4)   Use everything that you have learned to characterize, compare, and contrast the call components of Jersey and Georgia Jays in an analysis and report on your analysis.  A good way to do this would be use the cut and paste and Amplify functions to create one or more composite files with the "jay" call from the two birds right next to each other and the "twitter" call of the two birds right next to each other.  Address the following questions and any others you find interesting:

 

a)   Notice from the sonogram that the "jay" call is a neatly stacked set of harmonics (integer multiples of a base frequency).  Verify this with a power spectrum.  Is there anything peculiar about these stacks?  For instance, what is the base frequency and how strongly is it represented?  What is the strongest harmonic?

 

b)   Are the Jersey and Georgia crows doing the "jay" call at the same pitch?  Does what you see in the sonogram and power spectrum agree with what you hear?

 

c)   How, specifically do the "twitter" calls of the two birds differ?  Are they, for example, composed of the same parts, but simply produced in a different order?

 


   

III .  ALTERNATIVE LAB EXERCISES

 

You may substitute the either of the following sets for ALL of the above three analyses.  The instructor will help you do this.

 

A) Songbird

 

1)   Record a bird song or call from the Wesleyan Arboretum using a directional microphone and digitial recorder.

 

2)   Perform a tentative identification of the bird, either in the field, by listening to the recording, or by playing the recording to Dr.
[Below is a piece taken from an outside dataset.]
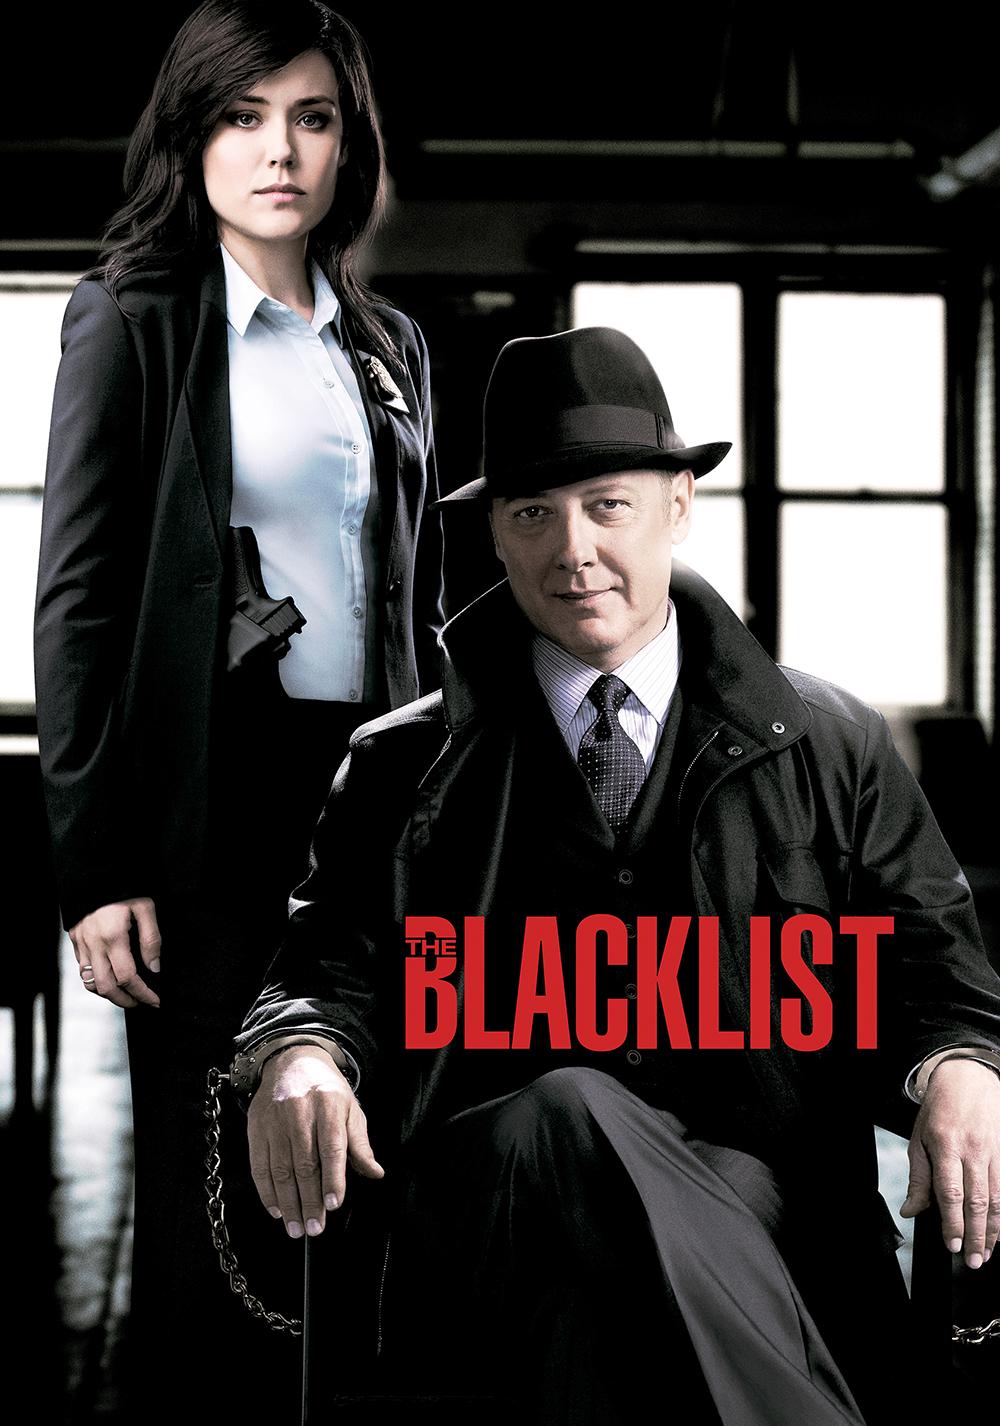 the-blacklist-524a1233097ec.jpg

Ferrari.

 

3)   Transfer the recording to a Raven-compatible AIFF file.

 

4)   Transfer a corresponding “standard” call or song from the CLO CD of Eastern US bird songs.

 

5)   Using Raven  waveform, spectrogram, and spectrum analysis verify the species identity of your sample bird.  Include appropriate Raven plots in your writeup.

 

6)   Briefly discuss any differences between your field-recorded call/song and the CLO standard.

 

~OR~

 

B) Mockingbird

 

1)   Record a mockingbird song from the Wesleyan Arboretum using a directional microphone and digital recorder.

 

2)   Perform a tentative identification of the bird species which the mockingbird is mimicking, either in the field, by listening to the recording, or by playing the recording to Dr. Ferrari.

 

3)   Transfer the recording to a Raven-compatible AIFF file.

 

4)   Transfer a corresponding “standard” call or song for the mimicked bird from the CLO CD of Eastern US bird songs.

 

5)   Using Raven  waveform, spectrogram, and spectrum analysis verify the match between your mockingbird recording and the mimicked bird song.  Include appropriate Raven plots in your writeup.

 

6)   Briefly discuss any differences between the target bird song and the mockingbird version.